Melling Joseph
Centre for Medical History, University of Exeter.
Bull Hist Med. 2010 Fall;84(3):424-66. doi: 10.1353/bhm.2010.0006.
The history of silicosis provides an important chapter in the history of occupational and environmental health. Recent historical scholarship has drawn attention to the importance of patient attitudes, popular protests, and compensation claims in the formation of a "lay epidemiology" of such a disease, frequently challenging the scientific orthodoxies devised by large corporations and medical specialists. Surprisingly little research has been undertaken on the United Kingdom, which provided much of the early expertise and medical research in respiratory diseases among industrial workers. This article examines the introduction of a particular technique, x-radiography, and its use by radiologists and others in debates on the causes and consequences of silica inhalation by the laboring population in Britain during the early decades of the twentieth century.
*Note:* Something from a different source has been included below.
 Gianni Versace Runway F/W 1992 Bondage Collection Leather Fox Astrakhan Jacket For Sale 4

In contrast to some recent interpretations, and also to the narrative of progress that practitioner historians have developed since the 1940s, this article suggests that the use of this technology was contested for much of this period and the interpretation of X-rays remained disputed and uncertain into the 1950s. The article also questions recent accounts of lay epidemiology as an adequate model for understanding the progress of such innovations in medical history.
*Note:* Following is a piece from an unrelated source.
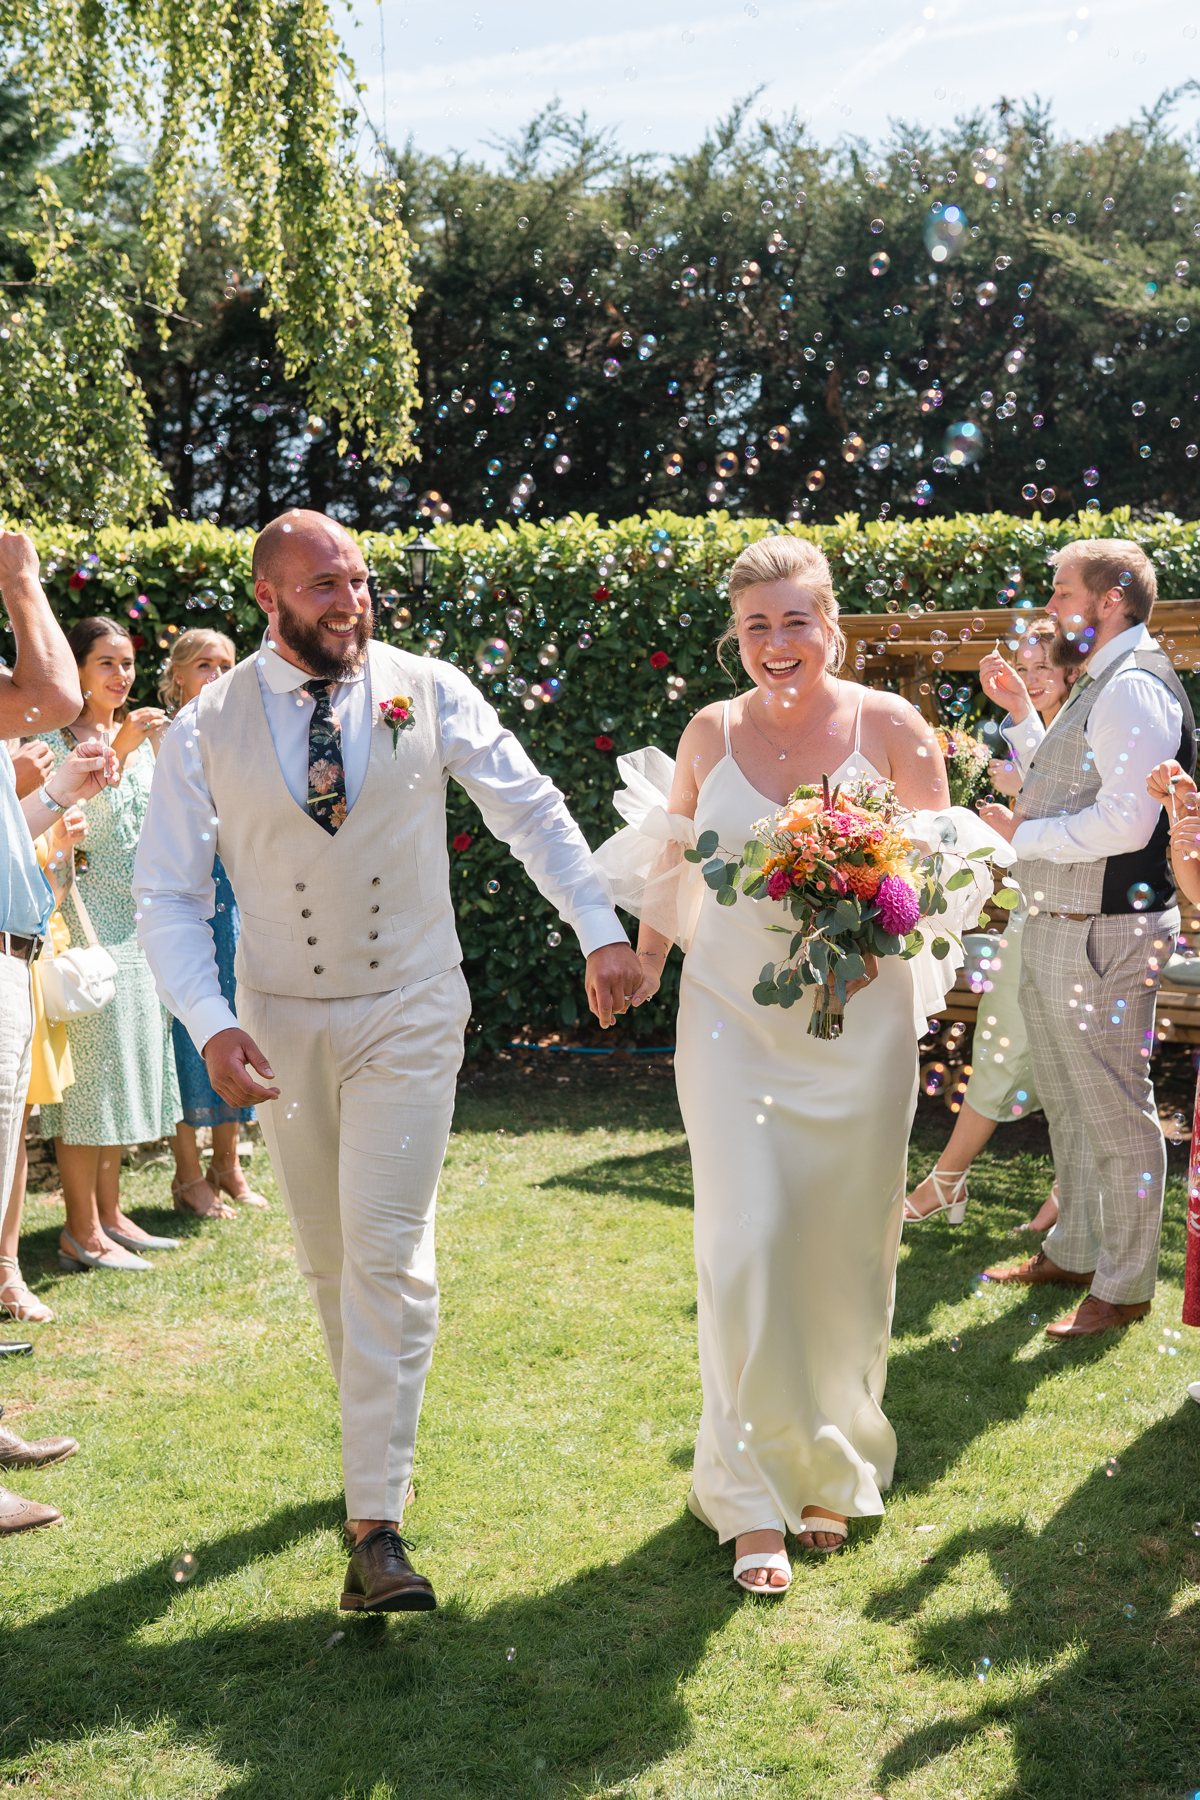 newlyweds walk through bubbles in intimate ceremony

矽肺病的历史在职业与环境卫生史上占据着重要篇章。近期的历史学术研究已使人们注意到患者态度、民众抗议以及赔偿诉求在形成此类疾病“外行流行病学”过程中的重要性,这常常对大公司和医学专家所制定的科学正统观念构成挑战。令人惊讶的是,针对英国的相关研究极少,而英国在早期为产业工人的呼吸系统疾病提供了大量专业知识和医学研究。本文考察了一种特定技术——X射线照相术的引入,以及20世纪初几十年间放射科医生和其他人在关于英国劳动人口吸入二氧化硅的原因及后果的辩论中对该技术的使用。与一些近期的解读以及自20世纪40年代以来从业历史学家所构建的进步叙事不同,本文表明在这一时期的大部分时间里,这项技术的使用存在争议,并且对X射线的解读在20世纪50年代之前仍存在争议且不确定。本文还对近期将外行流行病学视为理解医学史上此类创新进展的充分模式的观点提出质疑。